Records to process ->
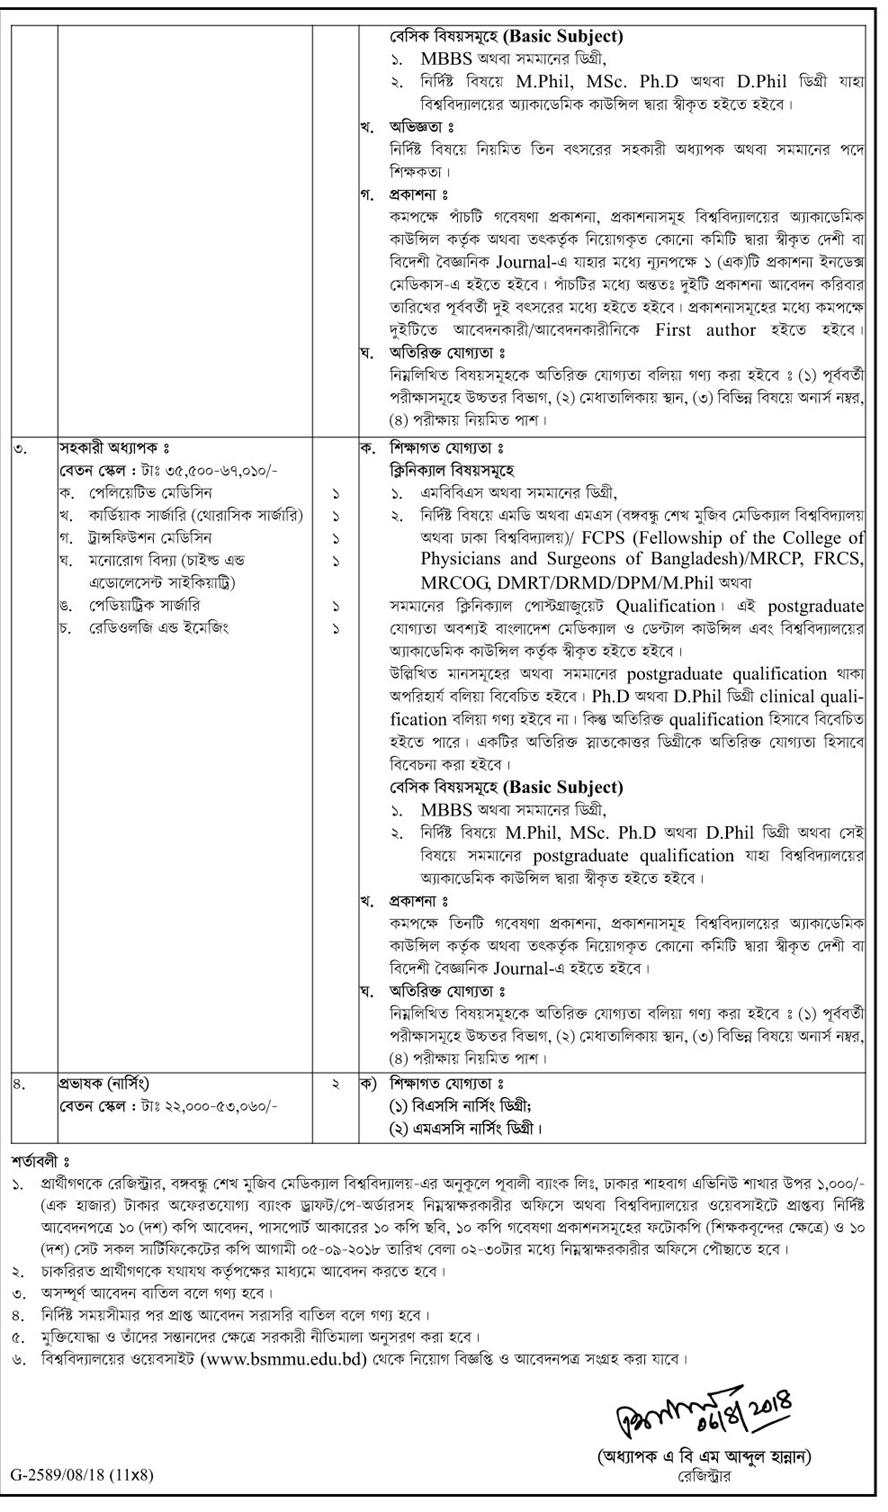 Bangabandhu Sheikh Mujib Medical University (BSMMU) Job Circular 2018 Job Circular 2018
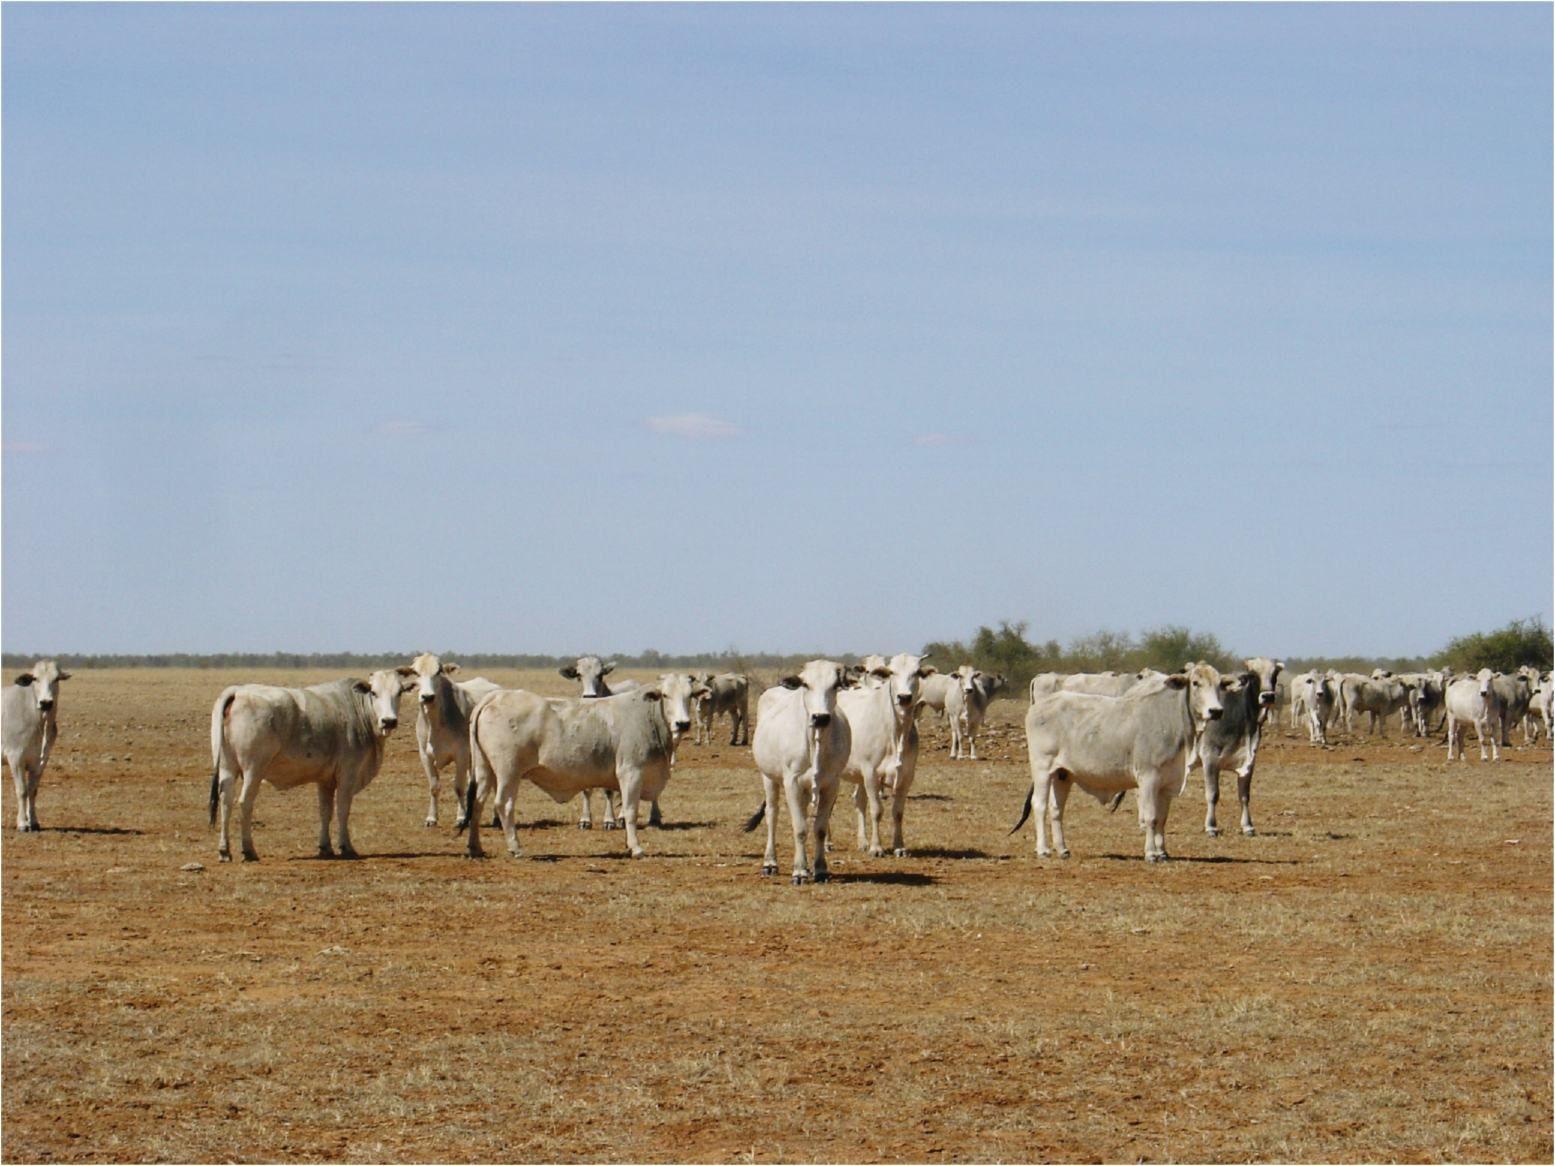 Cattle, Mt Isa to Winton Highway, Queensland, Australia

...

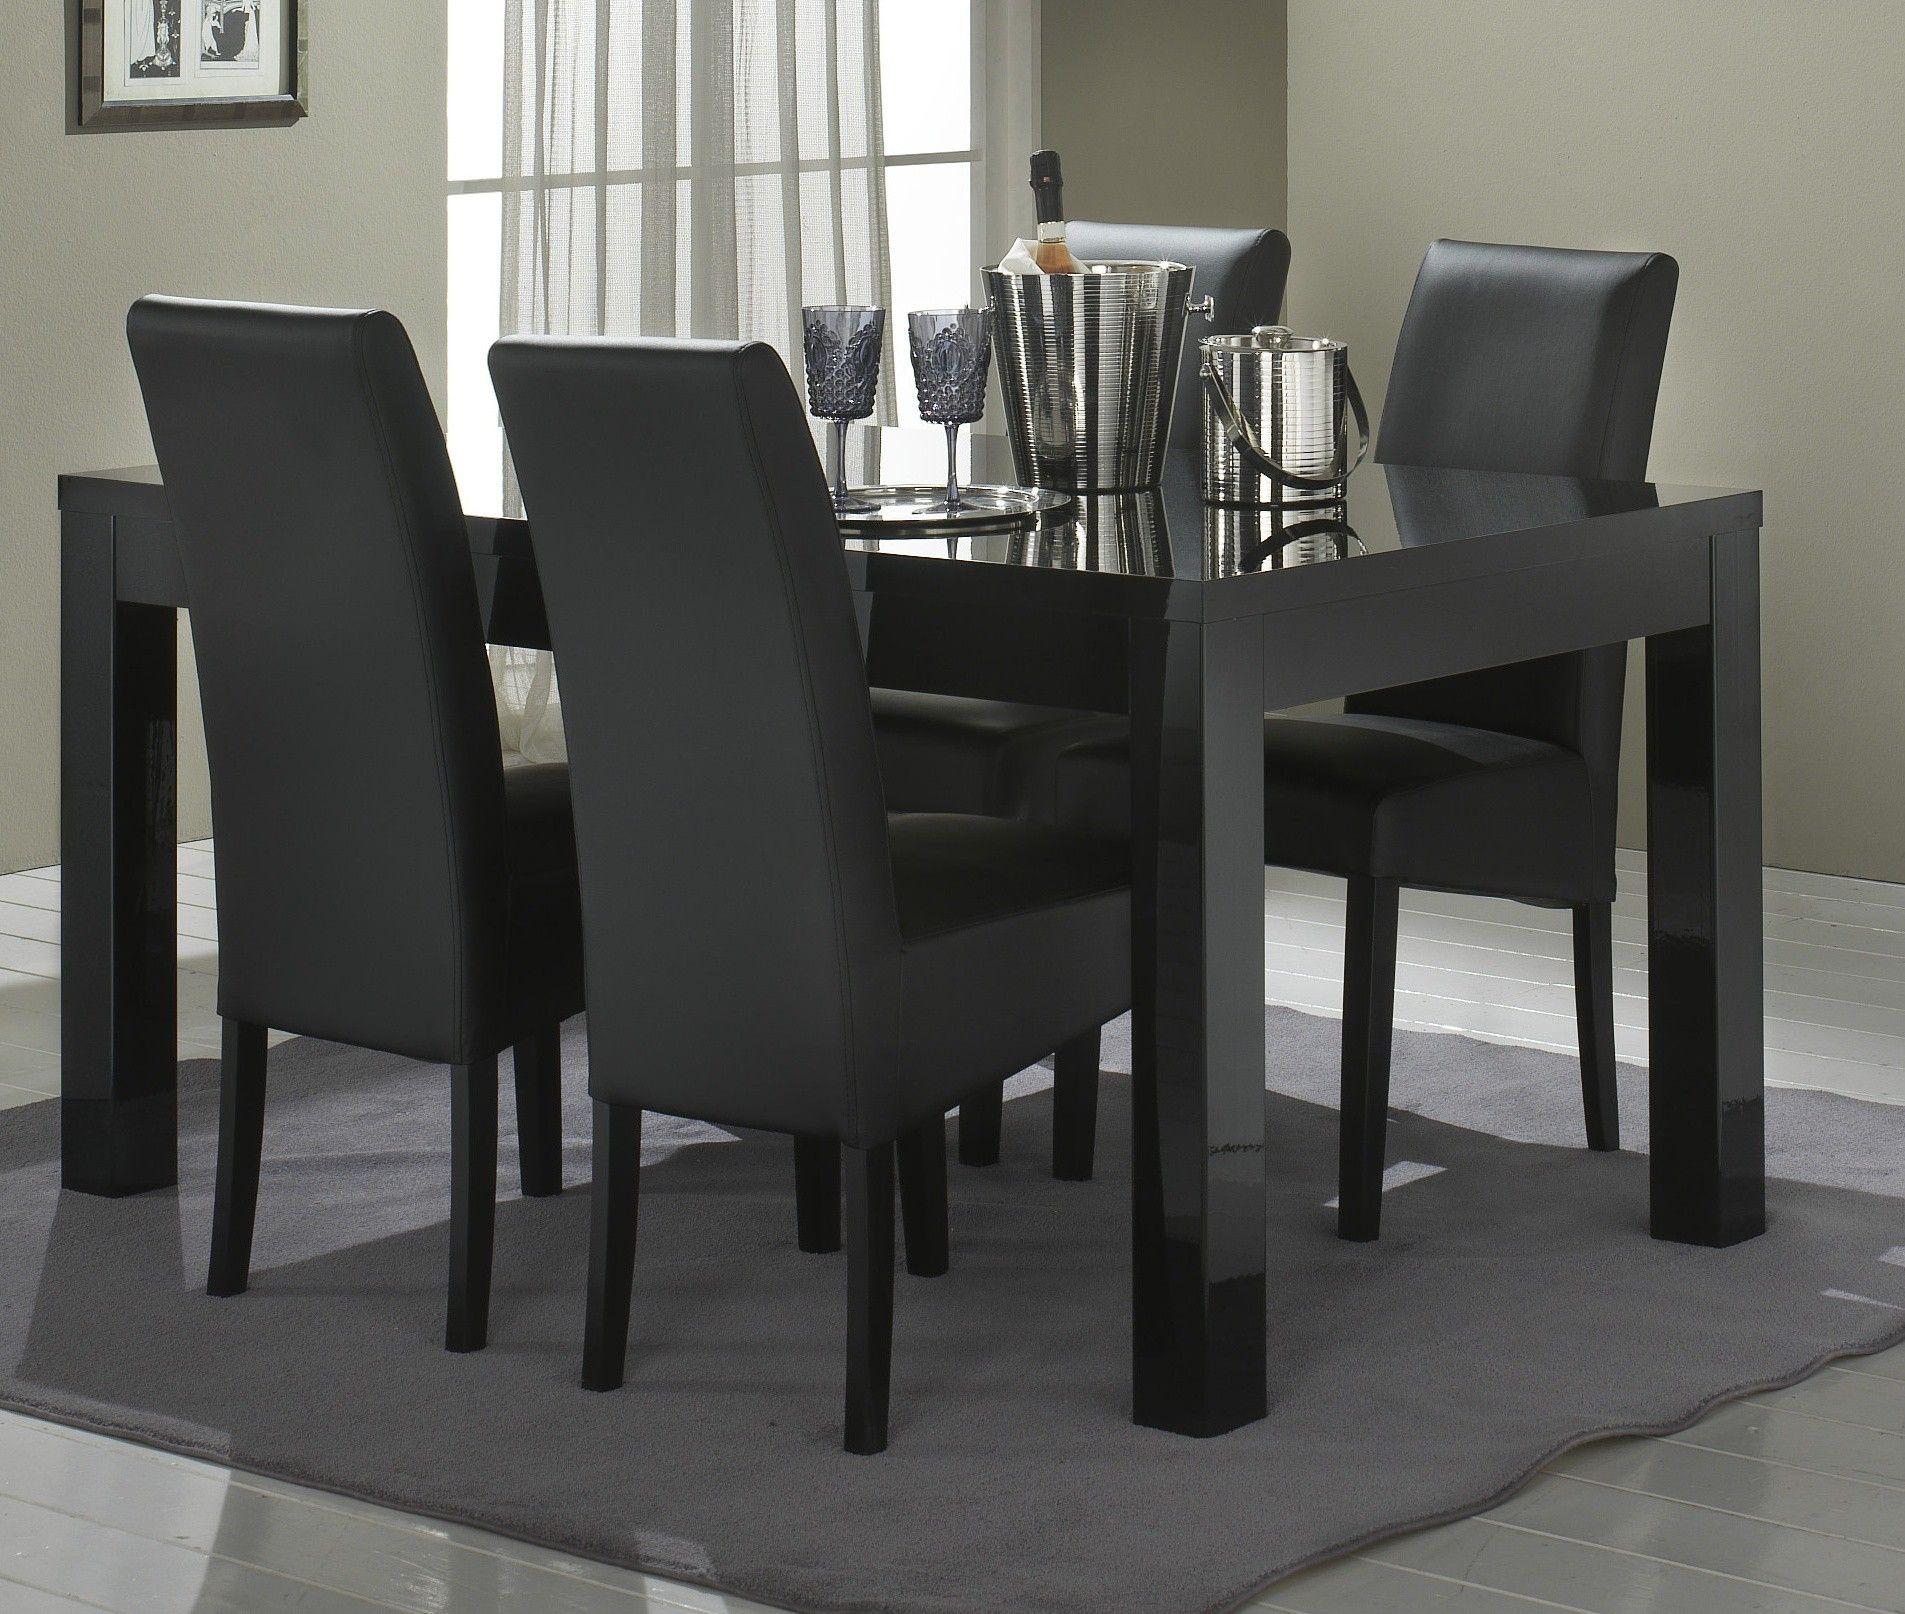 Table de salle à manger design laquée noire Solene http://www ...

==

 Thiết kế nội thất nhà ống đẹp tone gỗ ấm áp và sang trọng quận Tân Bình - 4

Your goal -> Retype only the lines above from the one with "Bangabandhu Sheikh Mujib" through the one with "Cattle, Mt Isa", exactly and with both ends. Images stay out.

Result of this exercise ->
 Bangabandhu Sheikh Mujib Medical University (BSMMU) Job Circular 2018 Job Circular 2018
 Cattle, Mt Isa to Winton Highway, Queensland, Australia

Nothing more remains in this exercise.